Intelligent agents, mobile agents
In agent-based systems, humans delegate some of their
decision-making processes to programs which are (in some
sense) intelligent, mobile, or both.
(See, for instance,
Tim Finin's Intelligent Software Agents page at UMBC.)
"Intelligent" agents have reasoning capabilities, e.g., rule-based
inferencing, probabilistic decision analysis, and/or learning.
See, for instance, our research project on
Embedding Intelligent Agents into Networked
Applications, especially on reusable componentry for
rule-based inferencing and for user authoring and sharing of rule sets,
to perform filtering and re-dissemination of information items such as mail,
news, customer service inquiries, and Web pages.
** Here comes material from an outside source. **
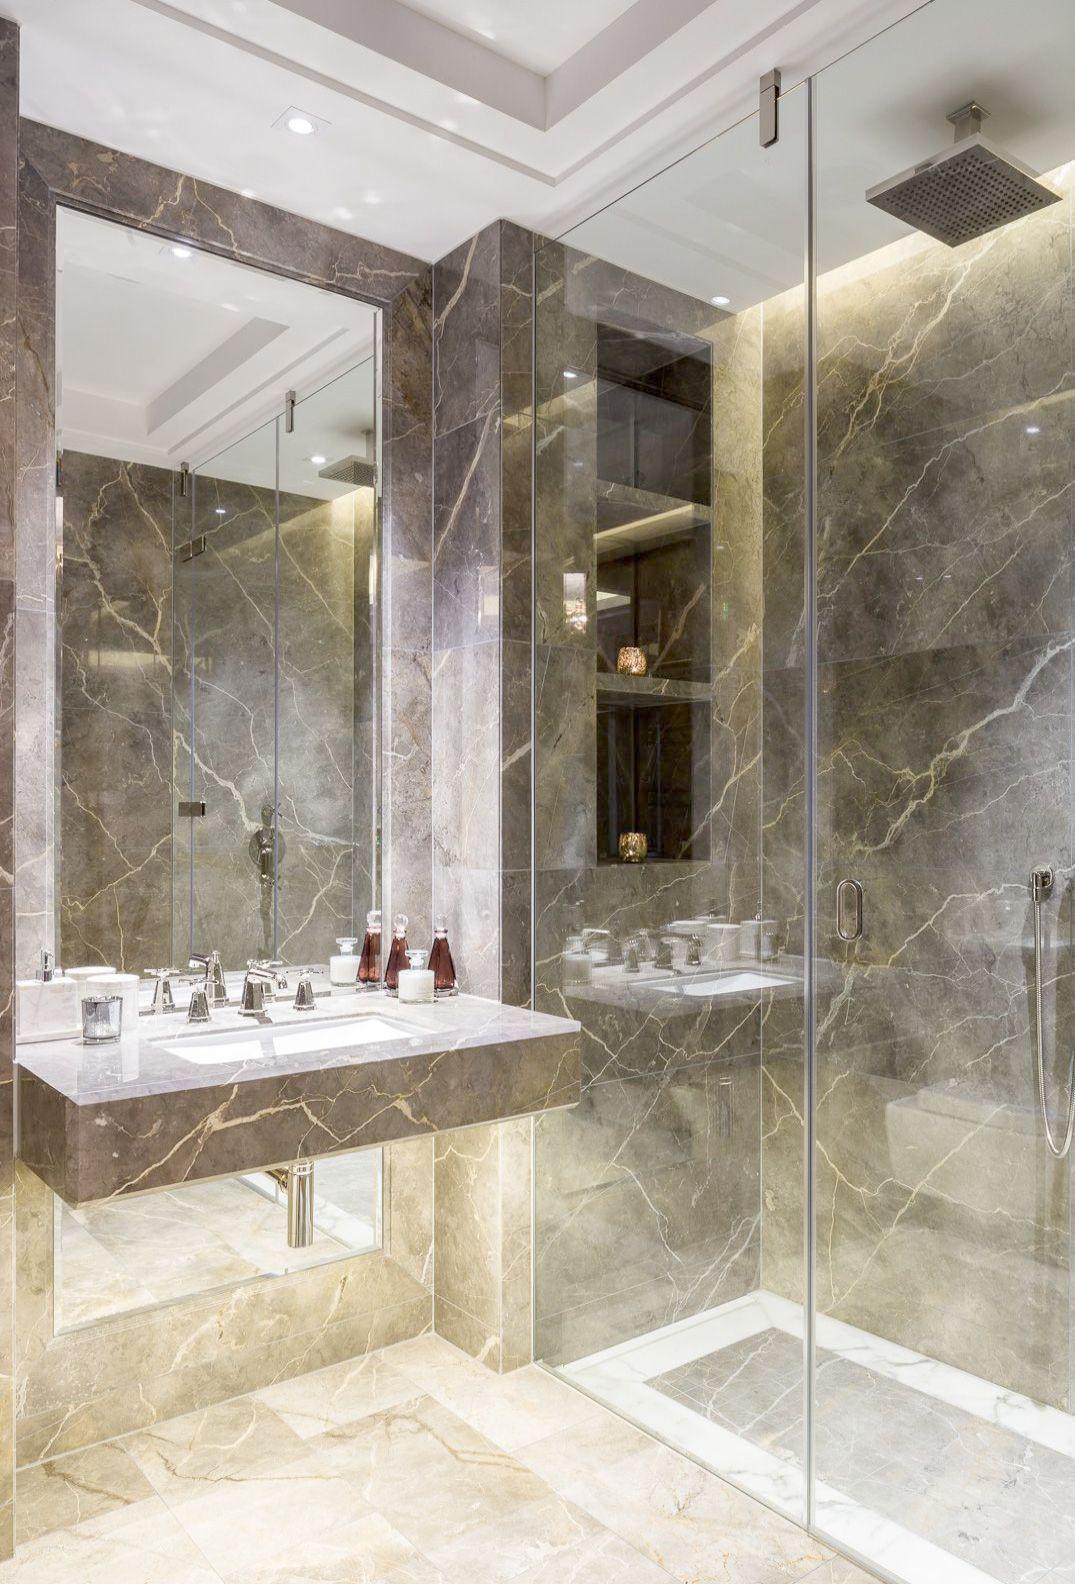 Luxury Bathrooms Features Elegant Bathroom Decor Pinterest Luxury Bathroom Modern Bathroom Bathroom Interior Design

"Mobile" agents move between different machines to execute their code;
the vision is that this will be
particularly useful for mobile users and mobile communications.
(See, for instance (in postscript)
Colin Harrison's "Smart Networks and Intelligent Agents".)
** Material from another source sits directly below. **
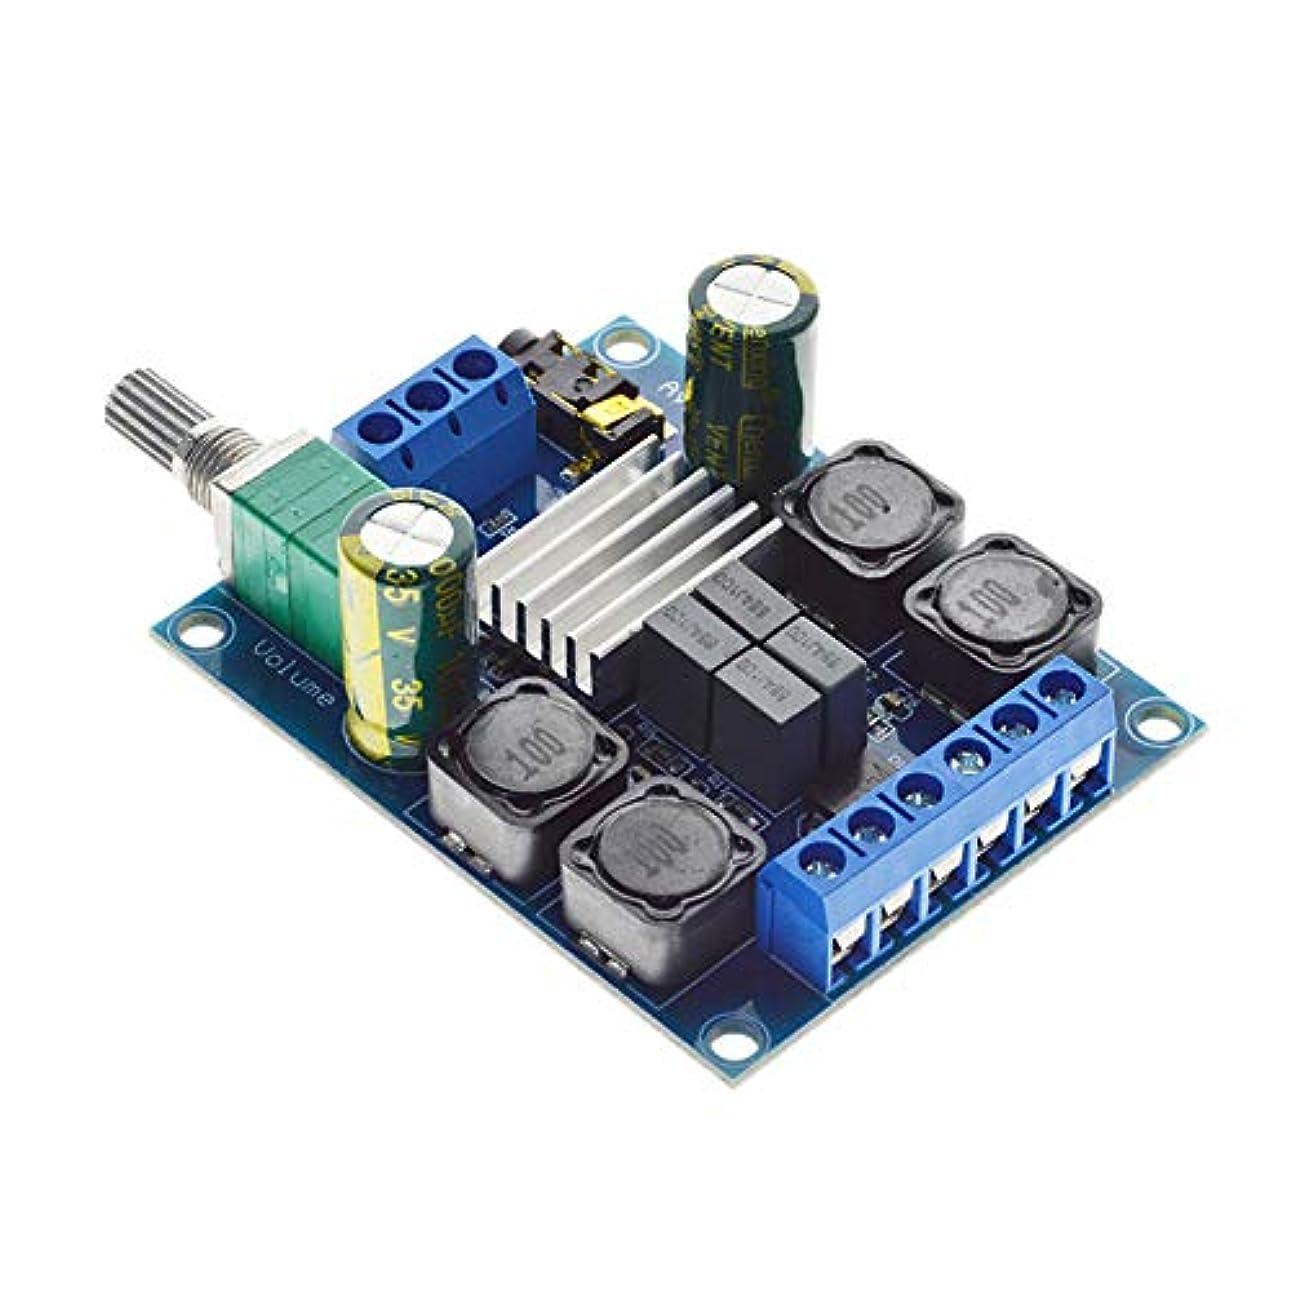 下品宣言するマオリPStylish   TPA3116D2 2X50Wステレオデジタルオーディオアンプボードパワーアンプモジュール

Are mobile agents a good idea at all?
For some thoughts on the subject, see a recent Research Report
(in postscript),
Are Mobile Agents a Good Idea?.
Another recent report (in postscript),
Itinerant
Agents for Mobile Computing,
also (briefly) addresses some of the security issues involved.
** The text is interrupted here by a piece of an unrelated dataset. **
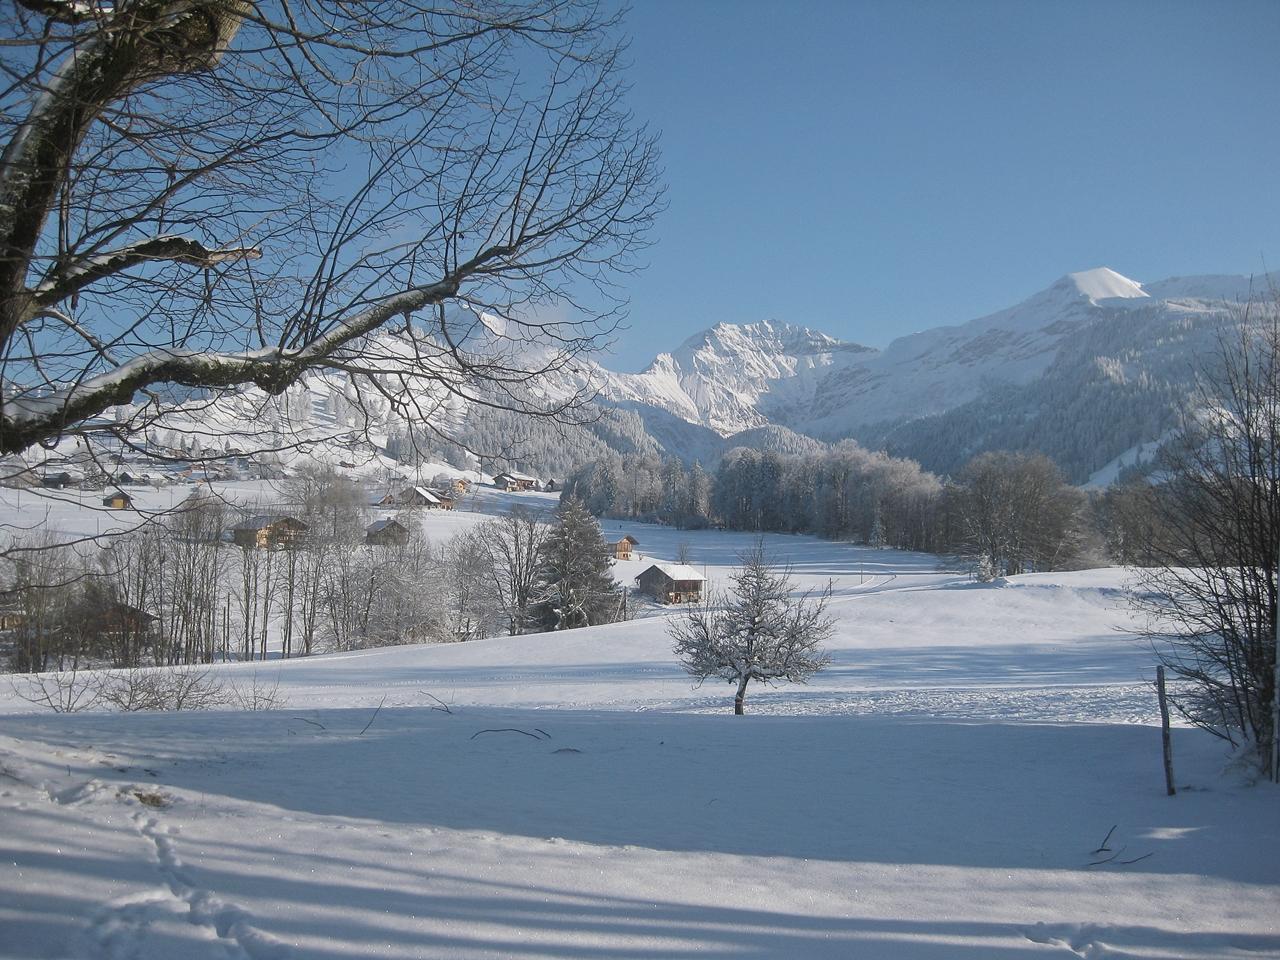 An einem wunderschönen Wintertag mit Thamiam in den Bergen - On a beautiful winter day with Thamiam in the mountains

Security in agent-based systems
These agent-based systems also require new
thinking, to avoid both security holes and unexpected
global effects.
See
this overview paper given at a recent Virus Bulletin conference,
this recent book to which we contributed,
and the slightly whimsical
"Things that go bump in the net" page.
When agent-based systems are
combined with
electronic commerce,
the need for all aspects of
security is particularly strong.
Information economies
Today, we are witnessing the first steps in the evolution of the Internet
towards an open, free-market information economy of automated agents buying and
selling a rich variety of information goods and services. We envision the
Internet some years hence as a seething milieu in which billions of
economically-motivated agents find and process information and
disseminate it to humans and, increasingly, to other agents. Over time,
agents will progress naturally from being mere facilitators of
electronic commerce transactions to being financial decision makers
in their own right. Ultimately, inter-agent economic transactions may
become an inseparable and perhaps dominant portion of the world economy.
The goal of the
information economies project
is to anticipate the
likely behaviors of large-scale information economies, and to exploit
this understanding to formulate desirable principles for agents and
agent markets.
Emergent phenomena in distributed systems
When large numbers of programs interact in a connected environment,
various phenomena occur which are not
explicable in terms of the programming or behavior of any
single agent (see for instance
Kephart, J. O., Hogg, T., and Huberman, B. A.,
Dynamics of computational ecosystems, Phys. Rev., 40A, 1989, 404-421.).
It is necessary to understand these phenomena in order
to keep the overall systems both secure and efficient.
(Xerox PARC also has an interesting
dynamics of computation page on the subject.)
Machine learning and neural networks
We are also privileged to provide a home to TD-Gammon, the
best computer backgammon player, and one of the best players
of any species, in the world. See, for instance,
G. Tesauro, "Temporal Difference Learning
and TD-Gammon." Communications of the ACM, Volume 38, no. 3,
pp. 58-68 (March 1995) and
G. Tesauro, "Practical Issues in Temporal Difference Learning,"
Machine Learning vol. 8, pp. 257--277, 1992.
The neural-network techniques learned from experience from TD-Gammon
will be useful in a host of other applications.